In his marvelous book Incognito: The Secret Lives of the Brain, David Eagleman two related learning models. The first involves the determination of the sex of day-old chickens.
It was based on very subtle visual cues, but the professional [chicken] sexers could not report what those cues were. Instead, they would look at the chick’s rear (where the vent is) and simply seem to know the correct bin to throw it in.
And this is how the professionals taught the student sexers. The master would stand over the apprentice and watch. The students would pick up a chick, examine its rear, and toss it into one bin or the other. The master would give feedback: yes or no. After weeks on end of this activity, the student’s brain was trained up to masterful–albeit unconscious–levels.
Meanwhile, a similar story was unfolding oceans away. During World War II, under constant threat bombings, the British had great need to distinguish incoming aircraft quickly and accurately. Which aircraft were British planes coming home and which were German planes coming to bomb? Several airplane enthusiasts had proved to be excellent “spotters,” so the military eagerly employed their services. […]
With a little ingenuity, the British finally figured out how to successfully train new spotters: by trial-and-error feedback. A novice would hazard a guess and the expert would say yes or no. Eventually the novices became, like their mentors, vessels of the mysterious, ineffable expertise.
Incognito (Eagleman), page 58
There is a lot to be said for rethinking the conscious approach to learning that defines the way we teach. I especially think ear training would benefit from this approach. Imagine hearing a chord and being asked, major or minor? Within a few hundred repetitions, I think most people would be able to differentiate and move on, confidently recognizing those triads. Build specific skills in series.

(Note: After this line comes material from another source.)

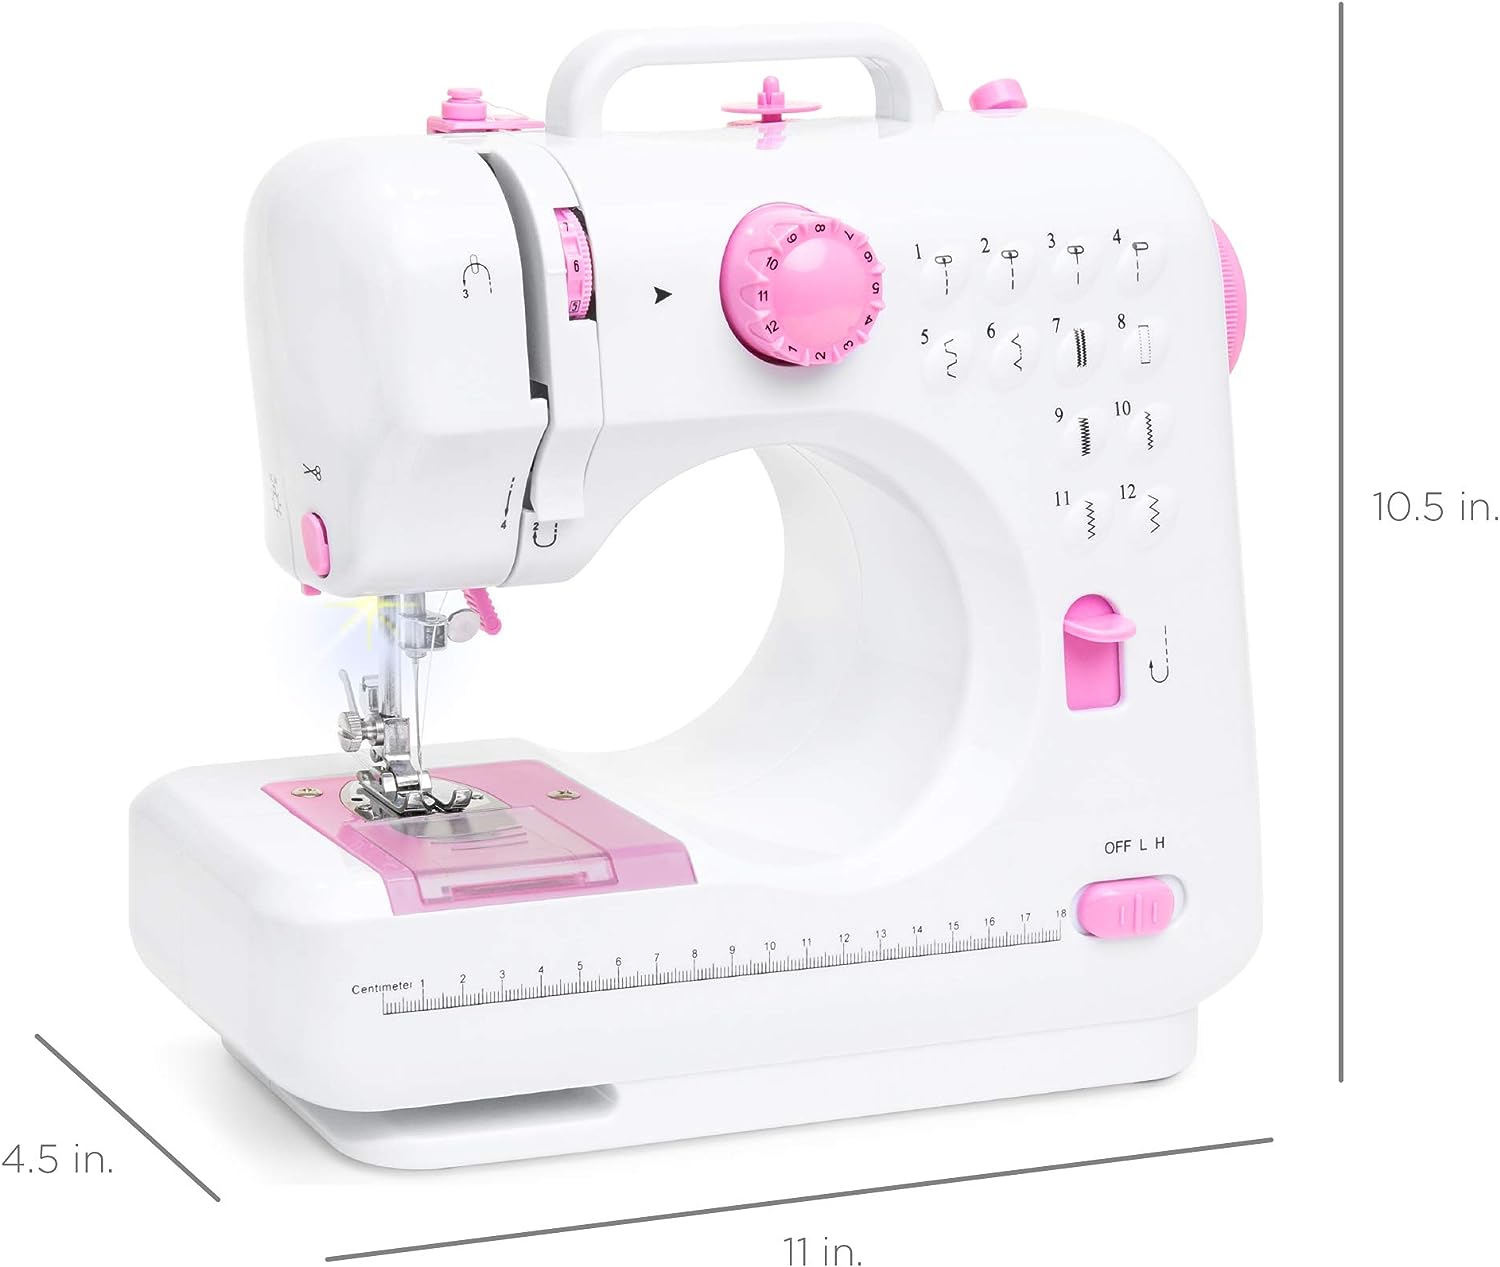 Best Choice Products Compact Sewing Machine, 42-Piece Beginners Kit,  Multifunctional Portable 6V Beginner Sewing Machine w/ 12 Stitch Patterns,  Light, Foot Pedal, Storage Drawer - Pink/White

Play a chord progression, stop on a chord and ask, IV or V?
7(9) chord or 7(flat 9)?
Gershwin and Gershwin or Rodgers and Hart?
We are asked so often to learn this kind of musical knowledge intellectually – think it through, learn the properties, recognize it on paper. But we’d probably be better off if we built them unconsciously, using our brain’s remarkable ability to learn.
(This is also the secret to my sons’ mastery of Demon levels in the video game Geometry Dash – blind repetition encodes the knowledge they need to complete a level apparently without conscious effort.)